Postby Le Baron » Thu May 13, 2021 2:03 am

I don't much bother logging actual language learning. It feels to me like going on holiday and spending all the time taking photos or filming, instead of looking and experiencing. I find that hard to do, I'd rather put all the effort into actual learning.

Logging what I read may be useful though. Even if just for myself as a record. A mix of novels and non-fiction, maybe a few instruction manuals for obsolete equipment (I'm joking), largely in languages I can actually read at a functional level and some dabblings in languages I'm actively learning.

Mostly I read for sheer pleasure and reading bandes dessinées is something I find both pleasurable and useful in one go. I recall that I got functional in Dutch while reading strip books. It may have been correlation more than causation, but I'm convinced it added to the understanding because of the direct visual cues, the natural dialogue with high-frequency use of common formulations.

They were strips like the eccentric Nero, Kiekeboe, Franka, Claire and Sjors en Sjimmie. Earlier than that in French Tintin, Iznogoud, Michel Vaillant, Blake & Mortimer and a favourite Victor Sackville. It was pleasant, later on, to be able to then read many of those same Franco-Begian comics in Dutch, already knowing the characters, but with them speaking a different language. So yes I still read comics as a way into a language.

However the last 4-5 months have been regular books. Sometimes I don't differentiate between translated literature so long as it is in the target language:

Dutch: Het Gevaar (Jos Vandeloo). Mieke Maaike's Obscene Jeugd (Louis Paul Boon) which is frankly quite pornographic in a literary way. A novel recently published by a friend of mine called Autobiografie Van Een Fictie. It has a very novel plot. He's still waiting for my views on it. Lastly De Postbode Belt Altijd Tweemaal which is of course the famous American novel by James M Cain.

French: Some adventure type thing called Vigilex: ou le secret de M. Philbert. Fast cars, stolen jewellery. Obscure thing which I found in a 2nd-hand shop.
A couple of months ago I went through Le vieux nègre et la médaille by Ferdinand Oyo. You may know he was more politician than writer despite producing a few books which have stood the test of time. He was a Camaroon diplomat, culture secretary; acting president of the UN security council and UNICEF Chairman. The book is a good read, though I was tripped-up by unfamiliar words and constructions. I'd probably have to read it again to fully appreciate it.
A few days ago I started Knock (Jules Romain, 1923). I'm not far into it. It's a real source of words I either didn't know or had long forgotten.

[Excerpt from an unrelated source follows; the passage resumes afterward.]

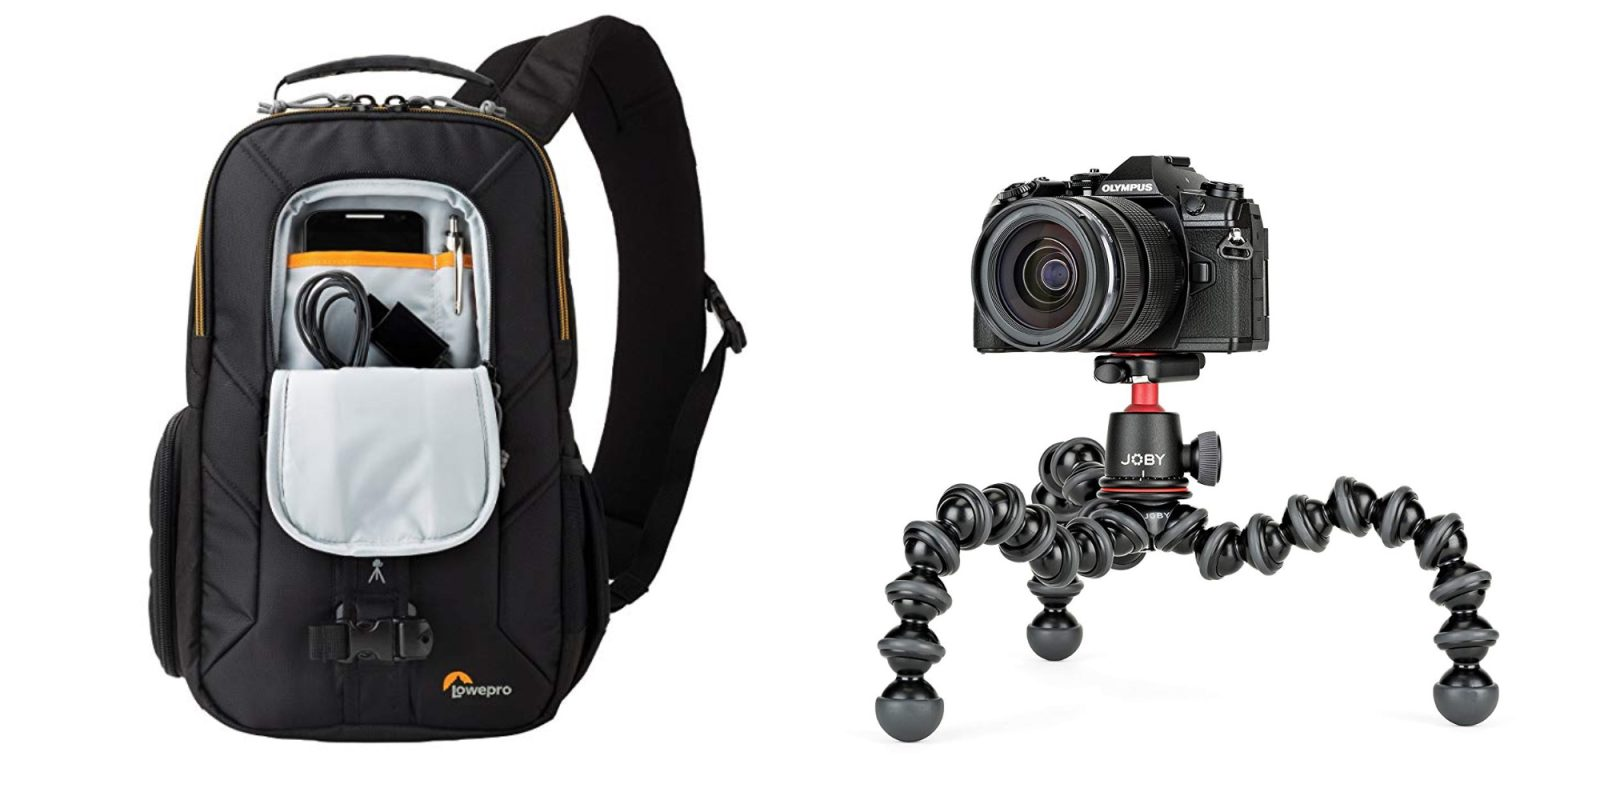 Bundle Lowepro's Slingshot Camera Bag and JOBY GorillaPod for $80 ($125 value)

German: Wo Warst Du, Adam? (Heinrich Boll - anti war novel). Good book. I need to read it again though because I was looking things up and getting sidetracked. A very slim volume, but with the most densely-printed pages with tiny letters! I started Süskind's Das Parfum, but my head wasn't in it so I abandoned it. I'll pick that up again sometime.

Lesser languages I'm still learning: Spanish I got a bit too adventurous and read through (with a little difficulty, but I urged myself on) a B1+ 'Easy Reader' of El Carnaval by Francisco García Pavón. I did okay. Let's say it "needs work".

I also have a Swahili reader I've been going through. This is really easy stuff for beginners and I'm trying to read it regularly...alas.I have more work to do

I have a tendency to squander some free time watching foreign-language films rather than reading.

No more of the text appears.